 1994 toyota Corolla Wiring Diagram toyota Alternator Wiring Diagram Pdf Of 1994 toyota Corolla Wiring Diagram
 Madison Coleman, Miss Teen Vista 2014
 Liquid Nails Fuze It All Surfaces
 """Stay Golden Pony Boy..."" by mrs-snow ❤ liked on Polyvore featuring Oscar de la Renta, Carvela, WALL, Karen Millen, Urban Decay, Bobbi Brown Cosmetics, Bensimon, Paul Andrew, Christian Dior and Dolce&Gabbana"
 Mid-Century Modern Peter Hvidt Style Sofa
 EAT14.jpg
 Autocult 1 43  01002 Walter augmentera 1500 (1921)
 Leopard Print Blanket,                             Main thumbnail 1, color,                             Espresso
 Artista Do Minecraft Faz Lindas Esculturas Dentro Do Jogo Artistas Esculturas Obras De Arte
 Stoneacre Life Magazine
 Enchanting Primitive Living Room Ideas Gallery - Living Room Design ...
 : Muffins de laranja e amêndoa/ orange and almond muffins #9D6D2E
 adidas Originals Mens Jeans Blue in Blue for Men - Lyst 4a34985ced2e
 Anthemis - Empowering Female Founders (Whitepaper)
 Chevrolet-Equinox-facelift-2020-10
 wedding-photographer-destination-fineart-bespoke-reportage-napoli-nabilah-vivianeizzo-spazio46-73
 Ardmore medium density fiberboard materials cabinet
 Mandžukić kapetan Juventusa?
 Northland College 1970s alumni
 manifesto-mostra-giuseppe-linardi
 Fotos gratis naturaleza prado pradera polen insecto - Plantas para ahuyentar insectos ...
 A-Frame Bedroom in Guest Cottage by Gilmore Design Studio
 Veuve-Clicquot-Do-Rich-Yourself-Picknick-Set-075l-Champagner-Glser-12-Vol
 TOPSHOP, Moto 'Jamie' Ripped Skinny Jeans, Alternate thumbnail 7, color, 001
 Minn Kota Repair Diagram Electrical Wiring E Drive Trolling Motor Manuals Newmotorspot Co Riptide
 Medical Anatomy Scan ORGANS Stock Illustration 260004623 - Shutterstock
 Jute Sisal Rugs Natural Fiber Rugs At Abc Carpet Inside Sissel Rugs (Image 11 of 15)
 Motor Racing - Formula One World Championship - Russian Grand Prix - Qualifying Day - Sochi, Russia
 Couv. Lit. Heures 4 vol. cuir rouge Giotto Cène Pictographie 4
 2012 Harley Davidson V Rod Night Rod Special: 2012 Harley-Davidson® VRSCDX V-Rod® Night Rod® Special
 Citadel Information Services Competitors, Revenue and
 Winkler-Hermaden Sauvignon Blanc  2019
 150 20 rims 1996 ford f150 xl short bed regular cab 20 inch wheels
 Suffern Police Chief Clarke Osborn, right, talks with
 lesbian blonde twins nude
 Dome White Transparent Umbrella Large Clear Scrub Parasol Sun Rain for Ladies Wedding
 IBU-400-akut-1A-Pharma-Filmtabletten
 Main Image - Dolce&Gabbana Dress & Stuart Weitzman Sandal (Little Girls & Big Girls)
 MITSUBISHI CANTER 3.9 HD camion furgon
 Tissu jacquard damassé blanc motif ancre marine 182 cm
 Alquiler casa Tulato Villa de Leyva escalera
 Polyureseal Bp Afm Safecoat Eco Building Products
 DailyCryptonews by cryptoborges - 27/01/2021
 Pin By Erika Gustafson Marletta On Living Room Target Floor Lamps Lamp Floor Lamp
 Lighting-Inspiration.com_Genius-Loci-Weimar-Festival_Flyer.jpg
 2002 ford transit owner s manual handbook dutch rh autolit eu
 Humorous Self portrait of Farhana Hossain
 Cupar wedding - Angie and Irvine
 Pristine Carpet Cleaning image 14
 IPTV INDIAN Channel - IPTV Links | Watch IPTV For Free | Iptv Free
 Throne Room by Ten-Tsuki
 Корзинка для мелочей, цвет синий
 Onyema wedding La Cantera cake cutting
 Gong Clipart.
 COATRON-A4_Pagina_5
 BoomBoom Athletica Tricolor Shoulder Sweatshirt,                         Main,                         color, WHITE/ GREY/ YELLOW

☆ ☆ ☆ ☆ ☆

* Task instructions: Make a list of all lines in the data that contain "color".

* Result:
 Leopard Print Blanket,                             Main thumbnail 1, color,                             Espresso
 TOPSHOP, Moto 'Jamie' Ripped Skinny Jeans, Alternate thumbnail 7, color, 001
 BoomBoom Athletica Tricolor Shoulder Sweatshirt,                         Main,                         color, WHITE/ GREY/ YELLOW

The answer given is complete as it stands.